Team:Hamburg/Experiments

Experiments

Agarosegel (1%) :

0.6 g/1.5 g Agarose

60 mL/ 150 mL TEA-Buffer heat in microwave until agarose is dissolved. Cool down and add 6 μL/ 15 μL EtBr Transfer into gel slide and cool for 30 min.

Electrophoresis:

45 min @120V

Antibiotic Stocks:

34 mg/mL preparation of Chloramphenicol Stock (EtOH) (Cam: 34 mg/mL in Ethanol; Amp: 100 mg/mL in H2O; Kan: 50 mg/mL in H2O)

1. dissolve 34 mg of Chloramphenicol in 1 mL 100% ethanol

2. filter through a 0.22 μL filter to sterilize

3. use at 1:1000 dilution in LB or LB-agar

4. mark as CAmp (top) and CAmp/dd.mm.yy/34 mg/mL (side) in Antibiotics

5. store at -20 °C

Competent cells:

1. Grow the cells at 37°C till OD=0.2/0.4

2. Chill the culture on ice for 5 min.

3. Collect cells by centrifugation, 6000rpm 10min 4°

4. Gently resuspend the cells from 500ml LB in 40 mL cold Ca/glycerol buffer on ice.

5. Incubate the cells on ice for 5~30 min.

6. Repeat step 3 and 4.

7. Incubate the resuspended cells in Ca/glycerol buffer on ice for 30min. (The longer, the better)

8. Collect cells by centrifugation, 6000 rpm 10 min 4°C

9. Resuspend cells from 500ml LB in 6ml Ca/glycerol buffer.

10. Aliquote 150ul/tube. Freeze in liquid N2 and store in 80°C.

Cryo Stocks:

1. Grow the Cells at 37°C till OD=0.2-0.4

2. Chill the culture on ice for 5 min.

3. Select cells by centrifugation, 6000 rpm/10 min/4°C

4. Gently resuspend the cells from 500ml LB in 40 mL cold Ca/glycerol buffer on ice.

5. Incubate the cells on ice for 5~30 min.

6. Repeat stepp 3 and 4.

7. Incubate the resuspended cells in Ca/glycerol buffer on ice for 30min. (The longer, the better)

8. Collect cells by centrifugation, 6000 rpm for 10 min and 4°C.

9. Resuspend cells in 6ml Ca/glycerol buffer.

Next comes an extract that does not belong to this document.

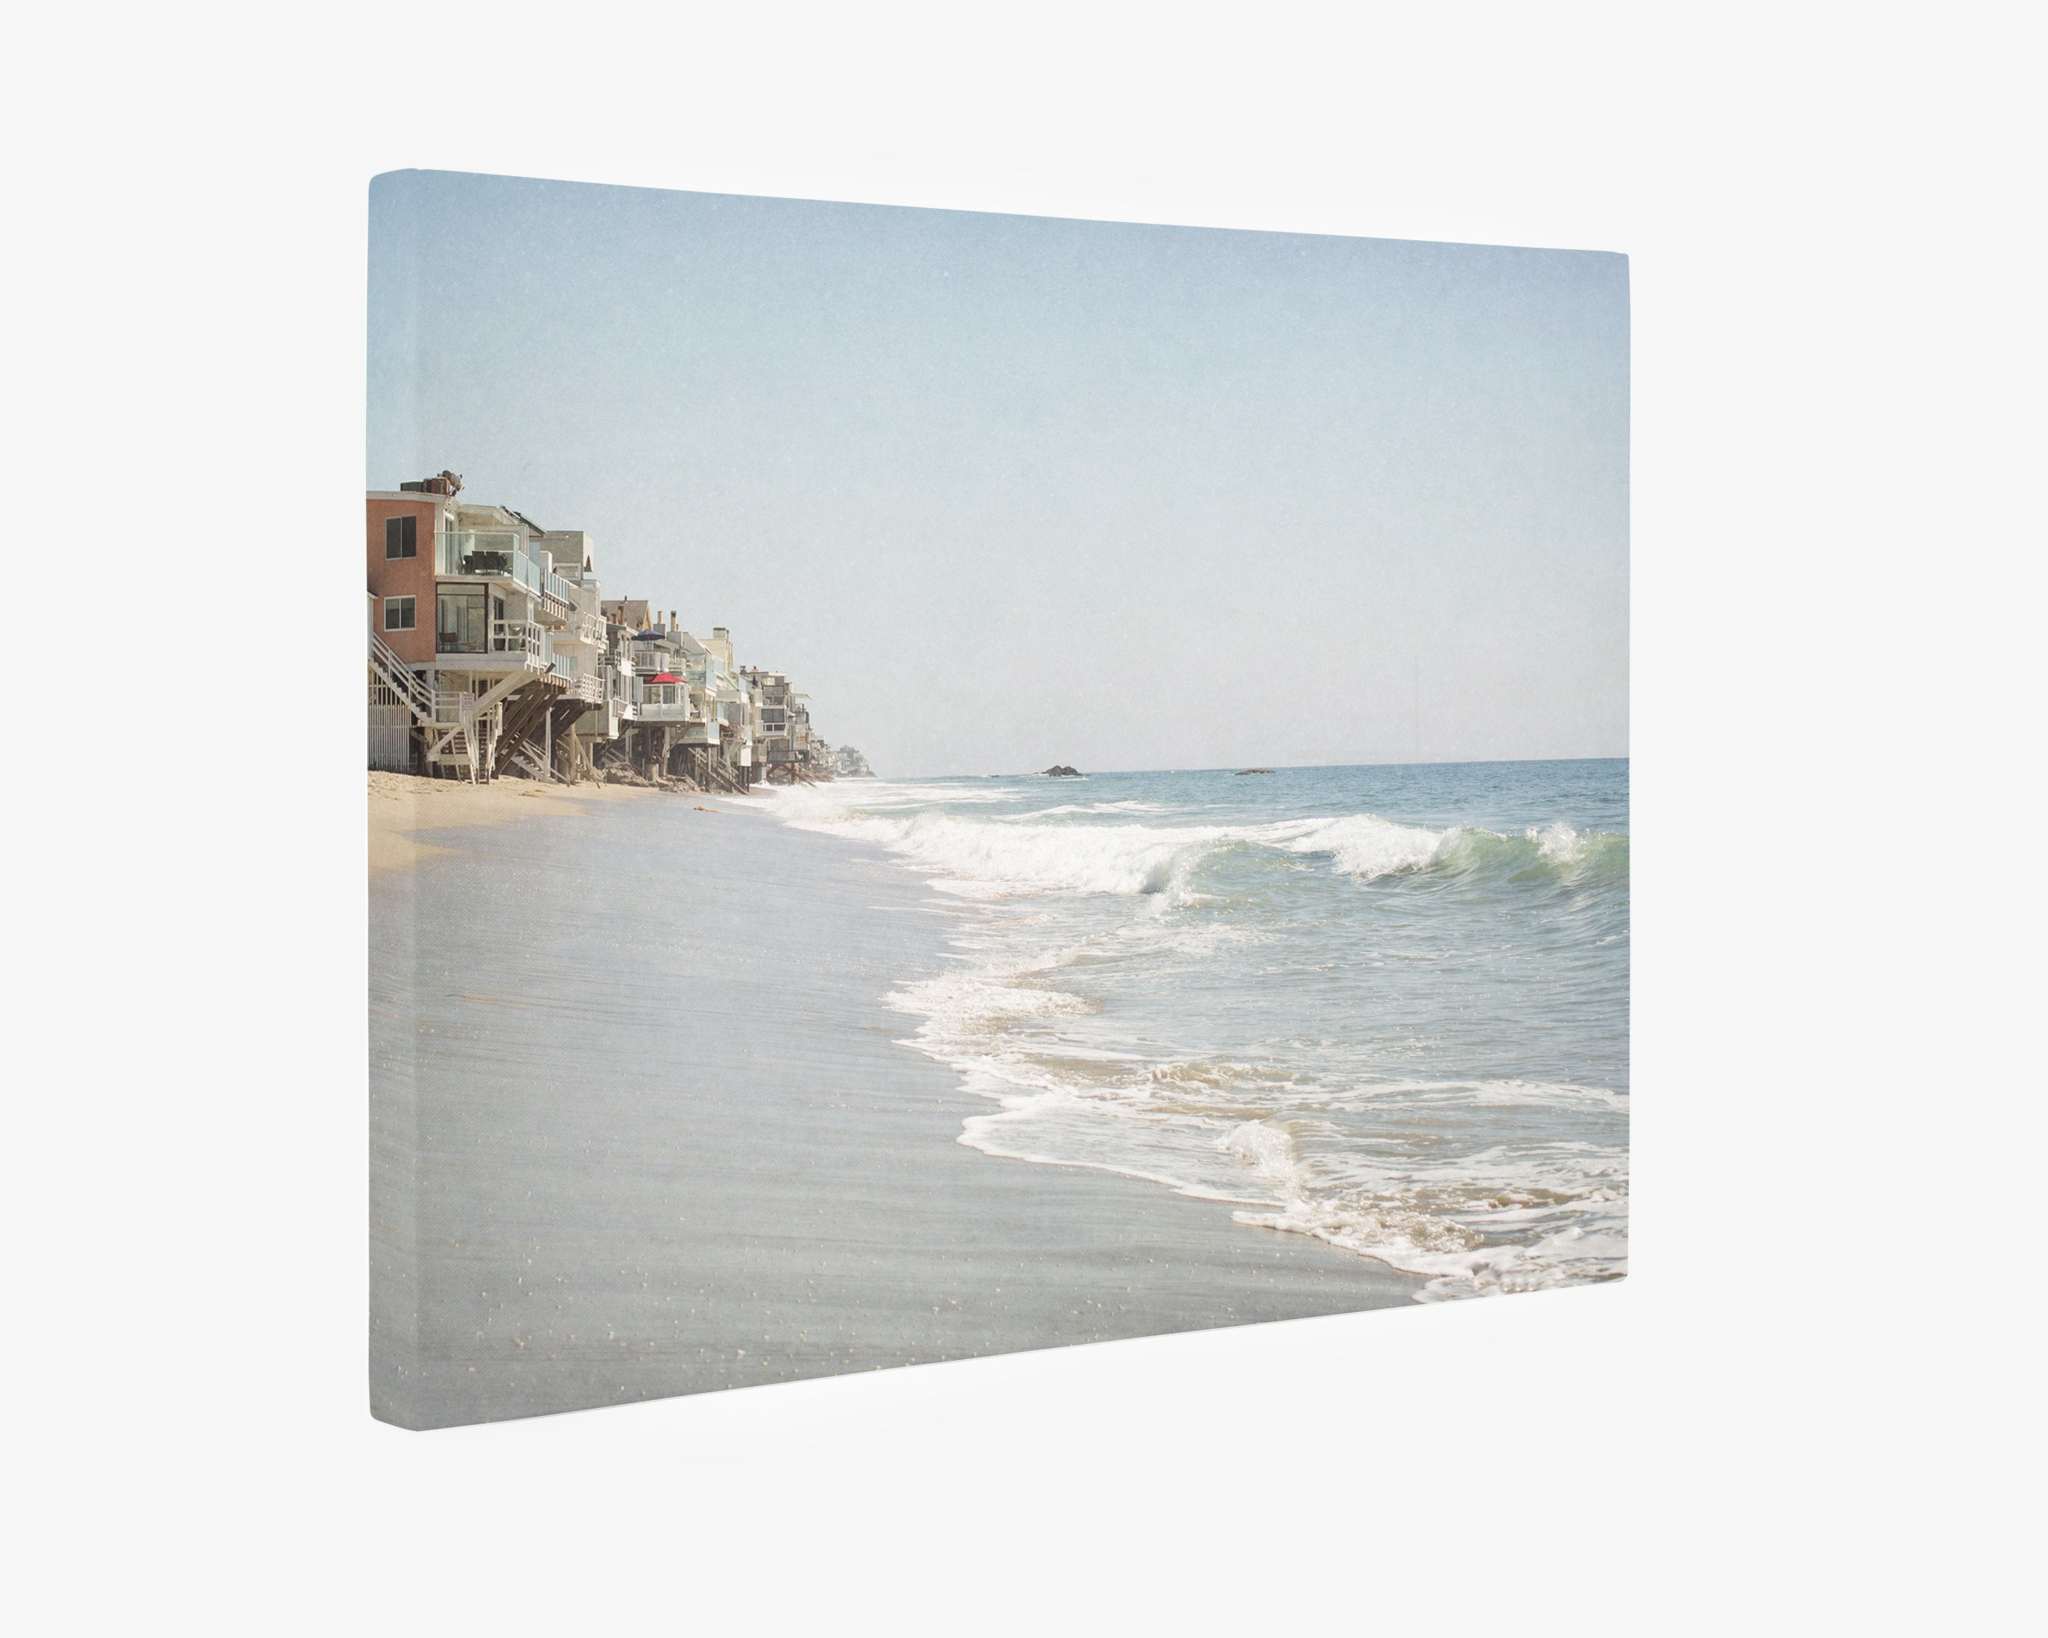 The Offley Green Malibu Beach House Canvas Wall Art, 'Ocean View' features a serene beach scene with gentle waves meeting a sandy shore. Coastal homes on stilts line the left side of the image, reminiscent of the Malibu coastline, extending into the distance under a clear blue sky and evoking a peaceful and tranquil ambiance. Perfect wall art.

10. Aliquote 150μl/tube. Freeze in liquid N2 and store at -80°C.

Extraction of Terpenoids:

We used the following methods to extract our products out of the reaction mixture.

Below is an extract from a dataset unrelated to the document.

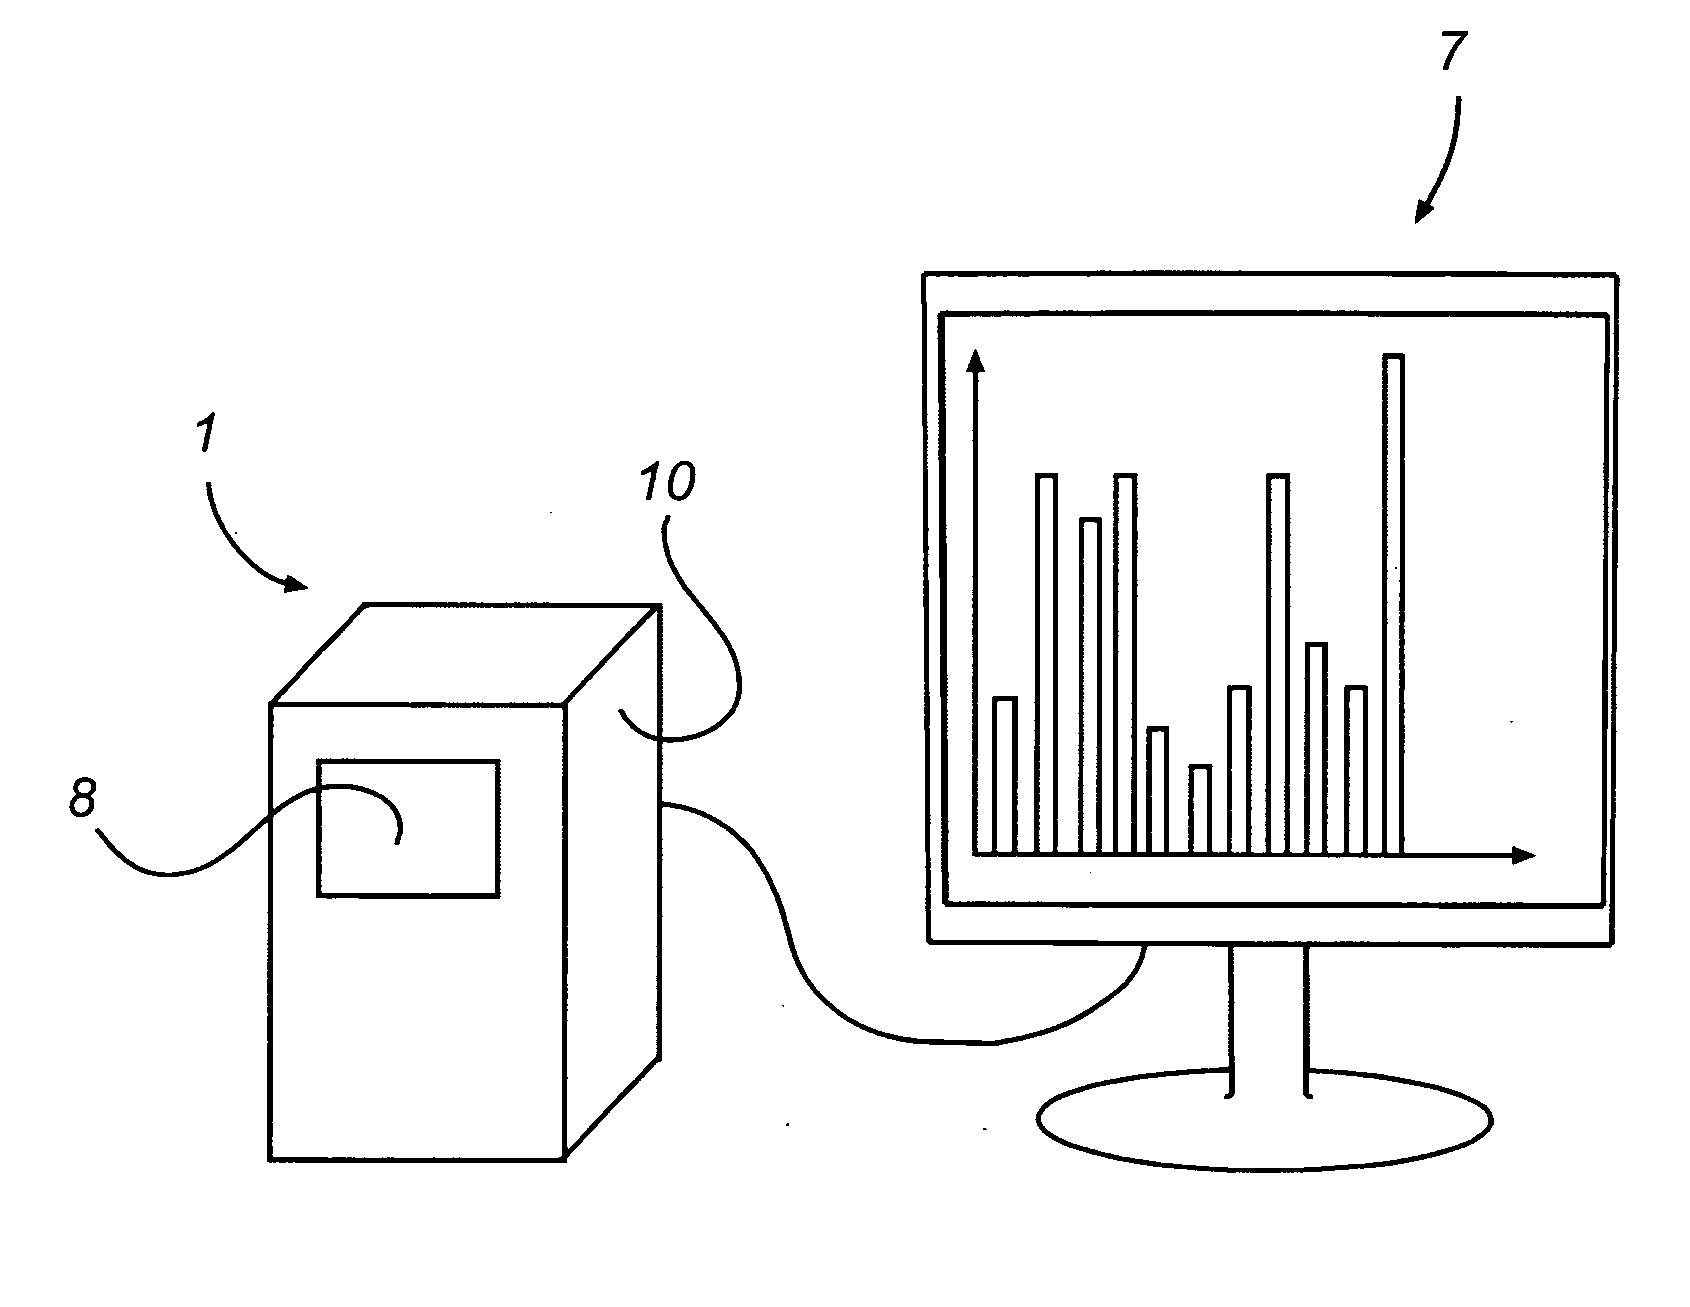 Apparatus and method for x-ray fluorescence analysis of a mineral sample

Method 1: Extraction from Cell Culture

1. Mechanical lysis (optional)

2. Pick 100 µL of Lysate

3. Centrifugation for 3 min at 13300 g

4. Extract 3 times with 100 µL Ethyl Acetate

5. Dry the organic layer with NaSO4 and purificate it via filtering

6. 30 µL of the organic layer is diluted with 970 µL Ethyl Acetate

7. Sample is analysed by GC-MS

Method 2: Extractive Fermentation

1. After induction the cell culture is covered with a layer of dodecane

2. 100 µL of the dodecane layer is picked

3. Centrifugation for 3 min at 13300 g

4. 10 µL of the organic layer is diluted with 990 µL

5. Sample is analysed by GC-MS

Gelextraktion:

1. Excise gel slice containing the DNA fragment using a clean scalpel or razor blade. Cut a close to the DNA as possible to minimize the gel volume. Place the gel slice into a pre-weighed 1.5 mL tube and weight. Record the weight of the gel slice.

2. Add 1:1 volume of binding buffer to the gel slice (volume:weight).

3. Incubate the gel mixture 50-60 °C for 10 min or until the gel slice is completely dissolved. Mix the tube by inversion every few minutes to facilitate the melting process. Ensure that the gel is completely dissolved. Vortex the gel mixture briefly before loading on the column. Check the color of the solution. A yellow color indicates an optimal pH for DNA binding. If the color of the solution is orange or violet, add 10 μL of 3 M sodium acetate, pH 5.2 solution and mix. The color of the mix will become yellow.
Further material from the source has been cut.